Interpersonal skills

Interpersonal skills are an important part of relating to others. They include how well we communicate with others as well as how well we listen and understand what is being said. Interpersonal skills are sometimes called social skills or people skills.

This document lists some of the interpersonal skills you may find useful when working with others.

Attending

Attending is basically paying attention to someone. This is mainly done through your body language. Attending behaviour encourages communication.

Some ways you can show you are paying attention is to:

  • use eye contact (but do not stare at the person – some cultures find this very offensive).
  • use facial expressions to show you understand what they are saying (instead of just staring blankly at them).
  • not fidget and don’t treat other things (watches, cell phones, what is happening out the window) as more important that the person that you are talking to.

Clarifying

Clarifying allows you to check accuracy, reduces the risk of misinterpreting vague messages and communicates that you value someone else’s perspective. Clarification questions include:

  • “Do you mean …?”
  • “Are you saying …?”

Clarifying can involving inviting the young person to become more specific or getting the young person to elaborate or rephrase an idea. The intent is to help the youth worker better understand the young person's thoughts, feelings and behaviours. Clarifying informs young people that their ideas are worthy of exploration and consideration. You honour the young person while attempting to gain an understanding.

Encouraging

‘Encouragers’ are signs that prompt participants to continue talking. They include verbal and non-verbal forms of communication including:

  • nods.
  • open-handed gestures.
  • comments such as “uh-huh”, “yes” or “ok”.

Sometimes by giving a minimal response, for example, just a little nod or sound of agreement, you can encourage the young person to continue talking.

Following

Following is when you echo or mirror the body language, posture, tone and style of speech of the person you are talking to. It is normally something done naturally and it puts people at ease, although be careful to not copy any strange behaviour!

Questioning

Asking questions is an excellent way of finding out more information or encouraging discussion among a group. There are two main types of questioning that are useful when relating to others: asking open or closed questions. It is good to use a balance of both open and closed question, especially in group situations.

Open questions

Open questions are those that have no specific response, and are difficult to answer in a few words.
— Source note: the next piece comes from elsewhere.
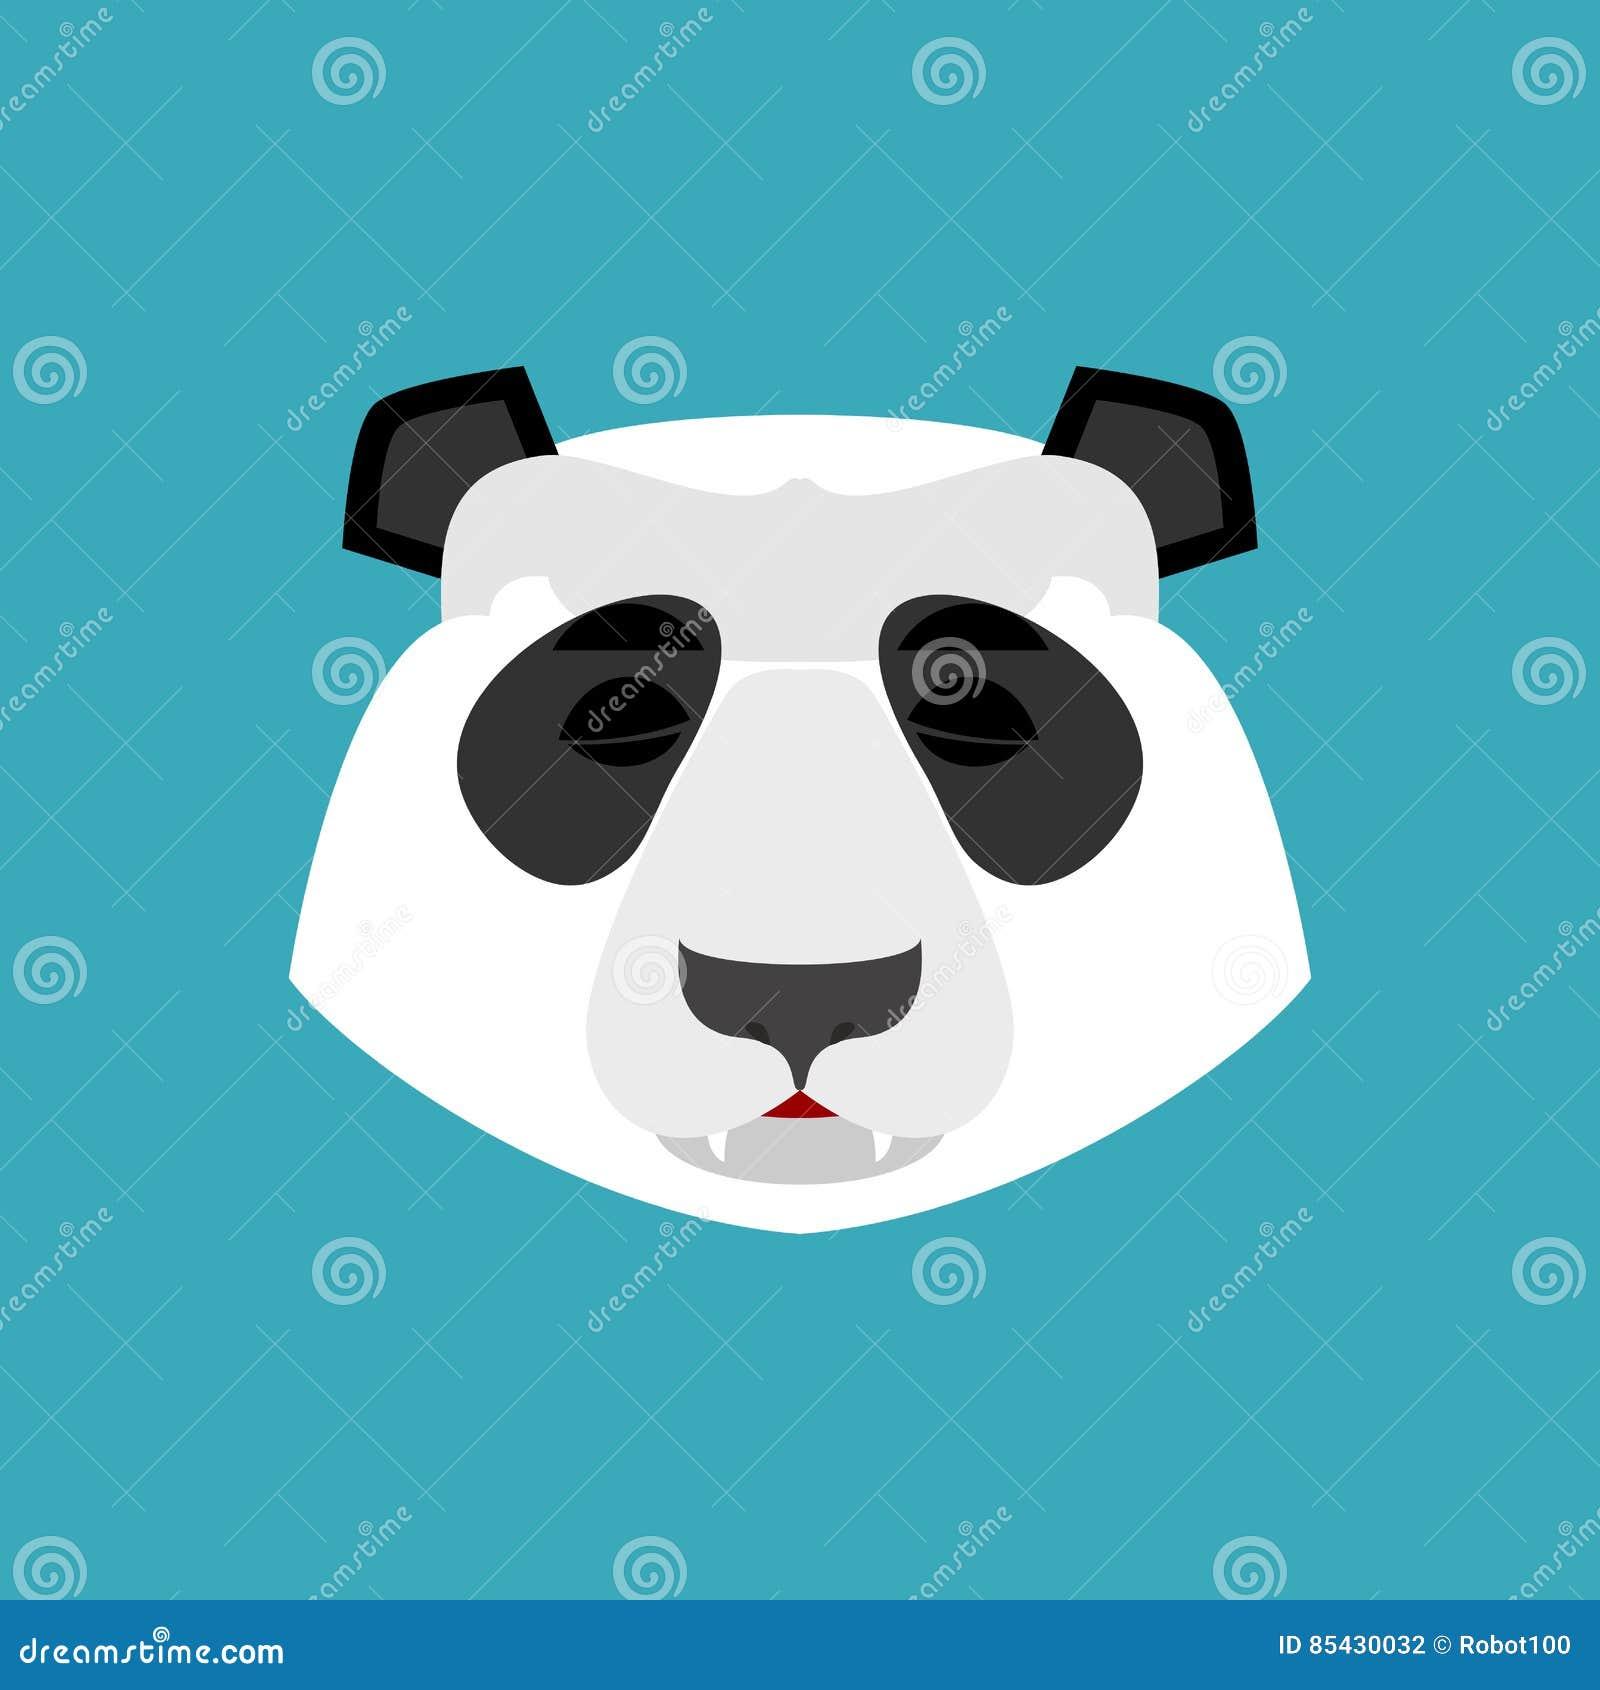 Sonno emoji del panda emozione addormentata dellorso cinese isolata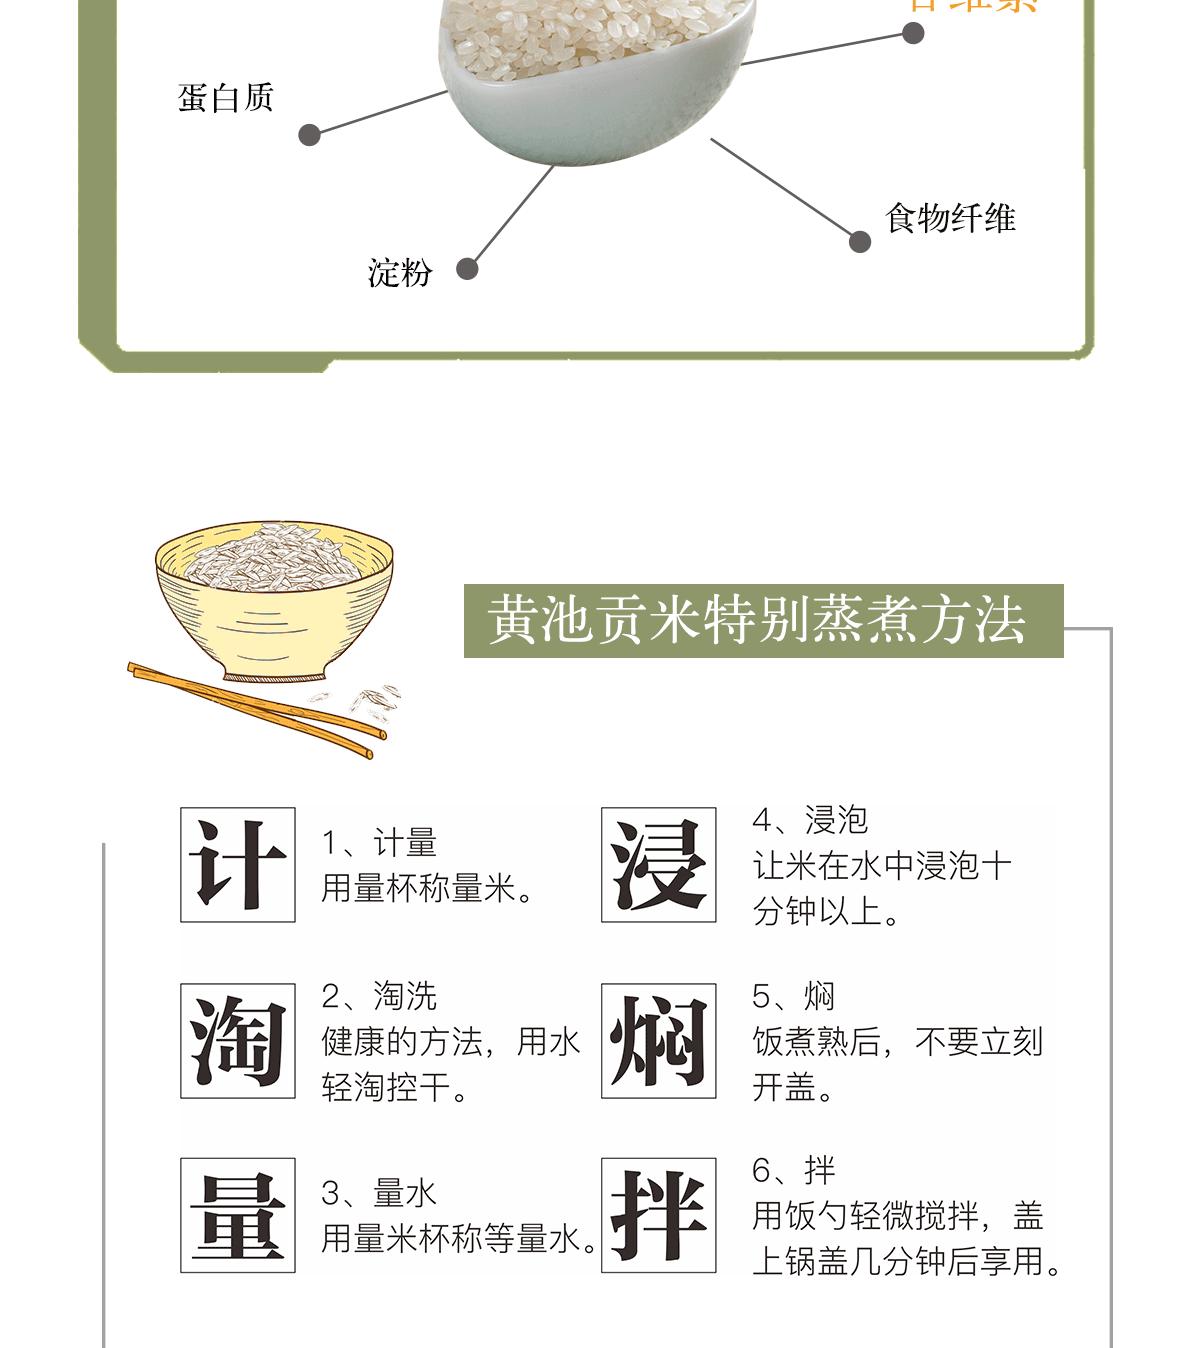 香稻贡米_06.png

They encourage people to talk and provide you with maximum information. Open questions typically begin with: “What”, “Why”, “How” or “Could”. For example, “What would you like to do next week?”

Open questions are also critical so you let the young person express their views, rather than you asking questions as if you are trying to prove a point. If you ask only the questions that you know will get the answer you want, you’ll only find out more of what you already know. Open questions let people express their views in a non-threatening way.

Open questions are useful to:

  • begin an interview.
  • obtain information.
  • encourage elaboration and allow young people to expand on what has been said. For example, “Tell me more about…” or “When you say…, what exactly do you mean?”
  • get feelings about to a particular issue.
  • encourage participation.

Closed questions

Closed questions generally have a limited number of alternative responses and can be answered in a few words or sentences. They help focus the responses of interviewees and validate information. Therefore, closed questions are typically more common in workshops or interviews intended to validate ideas. Closed questions usually begin with: “is …?”, “are …?” or “do …?”. For example, “Do you have any brothers?”

Closed questions are useful to:

  • narrow the topic of discussion.
  • obtain specific information.
  • identify parameters of a problem or issue.
  • contain someone who is dominating a discussion or activity and refocus the group or session.

When using closed questions, be careful not to ‘fire’ them at the young person or make it sound like they’ve done something bad. Make sure you don’t put words in people’s mouths, for example, “the school is pretty bad, isn’t it?”. People tend to agree with what the person asking thinks. This is called demand bias.

Paraphrasing

Paraphrasing can be a way to clarify what you have heard. Paraphrasing a young person’s response involves rephrasing the content of their message. Rather than repeating back exactly what you have heard, use some of your own words as well as the key words used by the young person. This helps communicate that you have understood their point and helps them focus on the information they are providing. Listen then for the young person to confirm that you have recalled their message accurately. They can then add further detail or restate their opinion if you haven’t got it quite right.

Reflecting feeling and content

Another key way of building rapport with a young person and making them feel understood is to reflect back to them what you hear in terms of the content and the feeling behind their message. For example:

Young person:“I hate all this homework. It’s never ending and I just want to leave school. I’m sick of it all.”

Youth worker:“It sounds like you are under a lot of pressure at school.”

Summarising

At the end of a conversation with a young person, you can restate the main points as you perceive them to check that both you and the young person have the same understanding of the conversation.

Body language

Body language can be just as important as anything that is said to a young person. Body language should usually be open, relaxed and show that you are paying attention to the young person. Closed body language, for example, crossed arms and legs with no eye contact, may suggest defensiveness or anger towards the young person.